3 Data Science in medicine and healthcare
Many contemporary societal challenges are related to public health, and while Data Science is poised to play an important role here there are also many challenges to overcome. In their contribution Big data and precision medicine: Challenges and strategies with healthcare data, Johann Kraus, Ludwig Lausser, Peter Kuhn, Franz Jobst, Michaela Bock, Carolin Halanke, Michael Hummel, Peter Heuschmann and Hans Kestler consider the promise of Data Science for precision medicine. They argue that major challenges arise not so much from algorithmic issues but rather from the need for integration of heterogeneous data sources, and propose a possible strategy by iterating processes of data harmonisation, semantic enrichment and analytics.

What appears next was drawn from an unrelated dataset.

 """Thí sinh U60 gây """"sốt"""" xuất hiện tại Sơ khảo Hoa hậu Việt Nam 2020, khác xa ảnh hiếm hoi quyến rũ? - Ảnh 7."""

Continuing the data integration and quality theme, Ricardo Cruz-Correia, Duarte Ferreira, Gustavo Bacelar, Pedro Marques and Priscila Maranhão discuss in Personalised medicine challenges: Quality of data the challenges associated with managing digital health data. They particularly highlight the need for documenting the provenance of the data so that data scientists can fully understand how data were collected and what its context is.

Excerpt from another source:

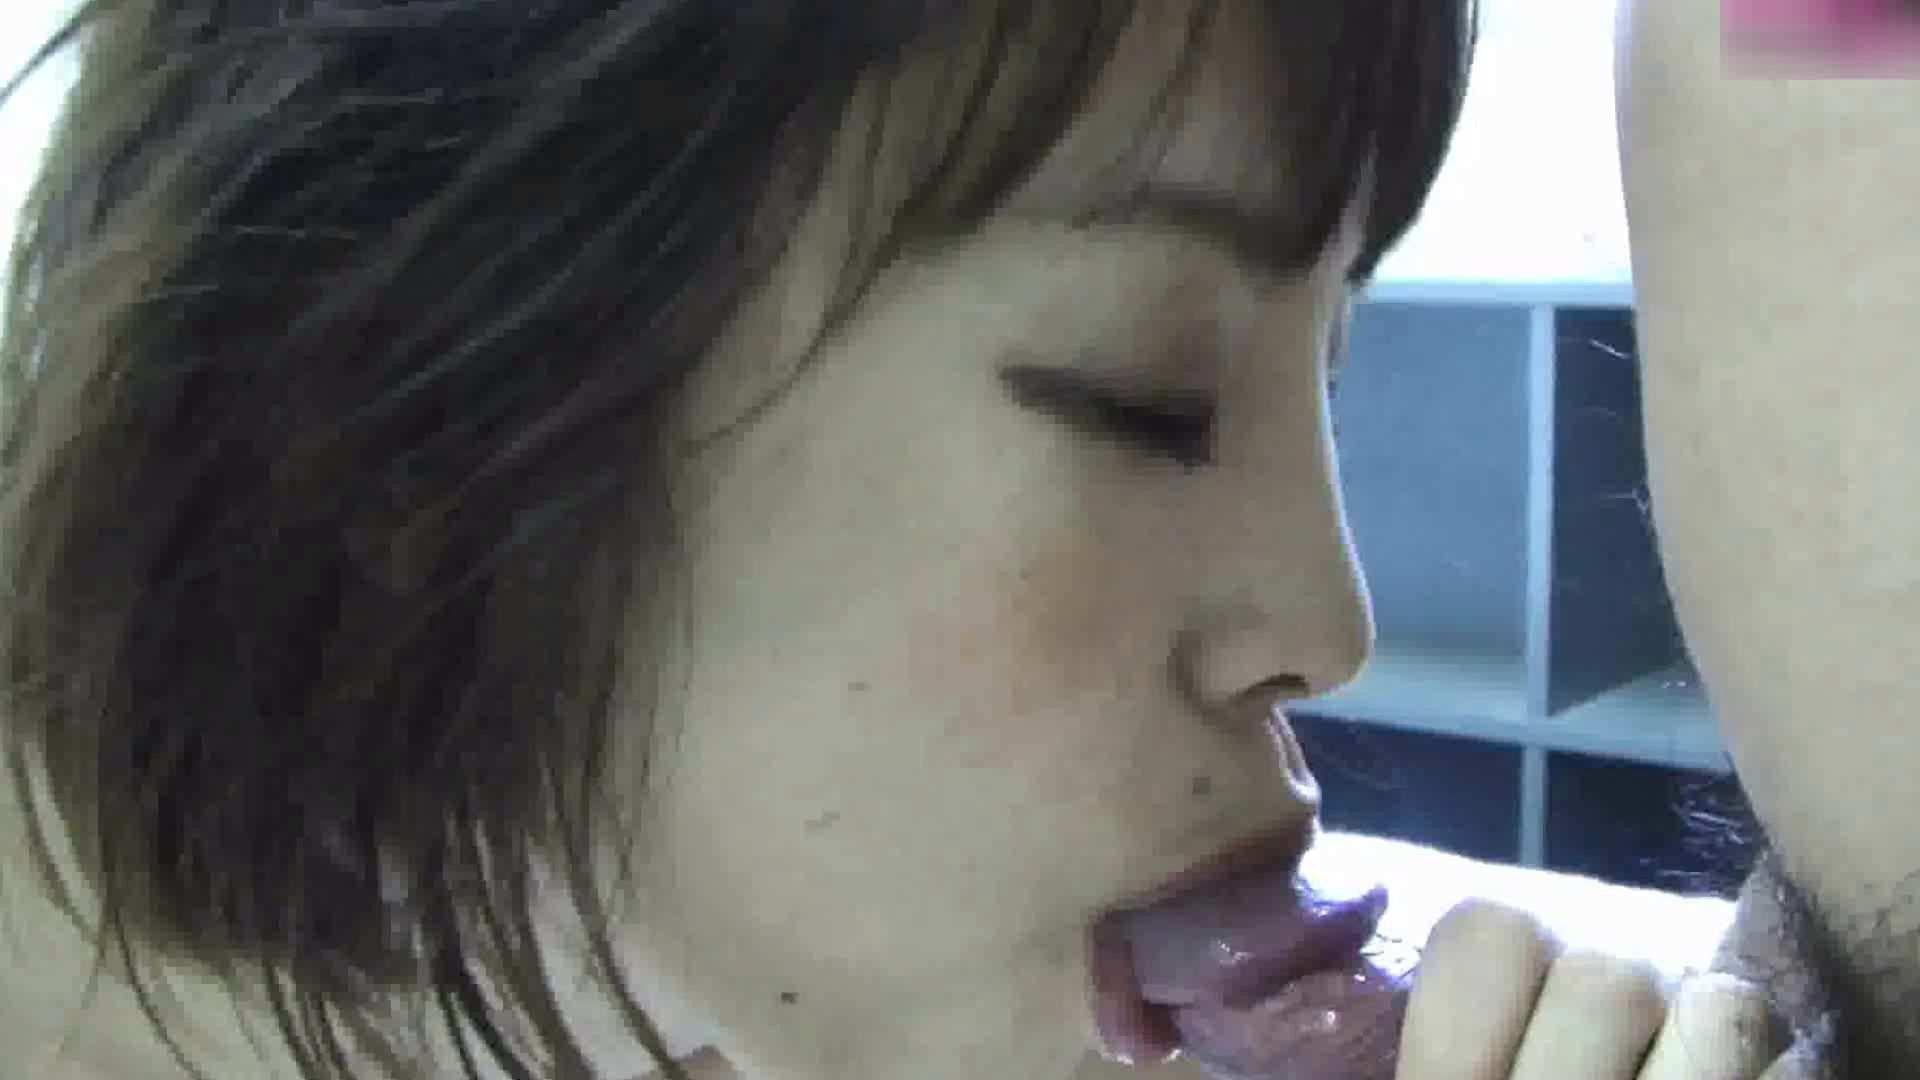 S級厳選美女ビッチガールVol.26 貧乳 われめAV動画紹介 63連発 53

Finally, in Three controversies in health data science, Niels Peek and Pedro Pereira Rodrigues discuss three issues that are heavily debated among health data scientists: whether data should be used only for the purpose for which they were collected; to which extent routine data sources and innovations in analytical methods alleviate the need to conduct randomised clinical trials; and questions of governance, privacy and trust when routine health data are made available for research. These three issues relate to core challenges for research with health data and define an essential research agenda for the health data science community.

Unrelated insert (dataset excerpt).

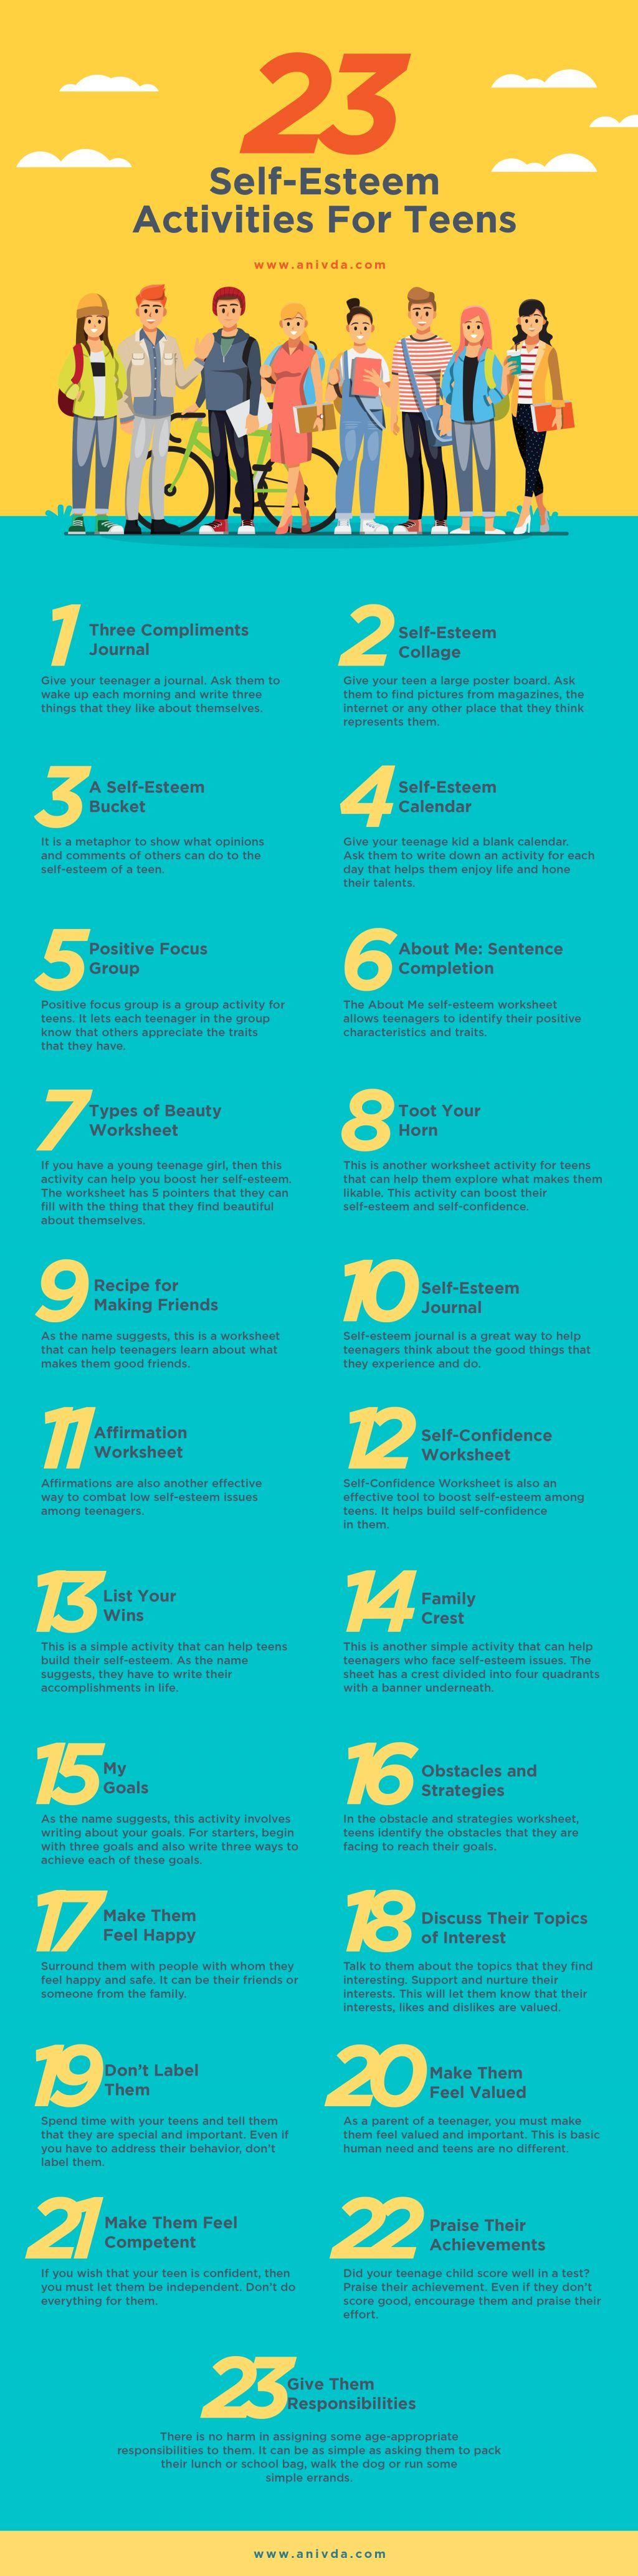 23 Self Esteem Activities For Teens

4 In memoriam: Sabine Krolak-Schwerdt, 1958–2017
We dedicate this special issue to the memory of Professor Sabine Krolak-Schwerdt, the first president of the European Association for Data Science (EuADS), inspirator and organiser of the 2016 European Data Science Conference which led to this collection of papers. Professor Krolak-Schwerdt held a personal chair in Educational Measurement at the Faculty of Language and Literature, Humanities, Arts and Education at the University of Luxembourg, and positions in Germany prior to that. She sadly passed away in December 2017, shortly before her 59th birthday.
Sabine was at the forefront of several recent activities to build a European community of data scientists. In 2013 she was the inaugural conference chair of the European Conference on Data Analysis in Luxembourg, which has since established itself as a major conference bringing together methodological and applied data scientists from a wide range of disciplines, with subsequent ECDA conferences in Bremen (2014), Colchester (2015), Wroclaw (2017), Paderborn (2018) and Bayreuth (March 2019). Following on from ECDA 2013, Sabine worked tirelessly on establishing EuADS, formally located in Luxembourg, and in 2015 became its founding President. This special issue is just one of the many things that wouldn’t have happened without Sabine’s leadership.
In addition to being an outstanding and internationally recognised scholar fully dedicated to the scientific endeavour in all its forms, Sabine had a warm personality and a very pleasant and considerate manner which made it a privilege to work with her. She is sadly missed by us and many others, and we will strive to continue and develop her legacy embodied in EuADS and associated activities.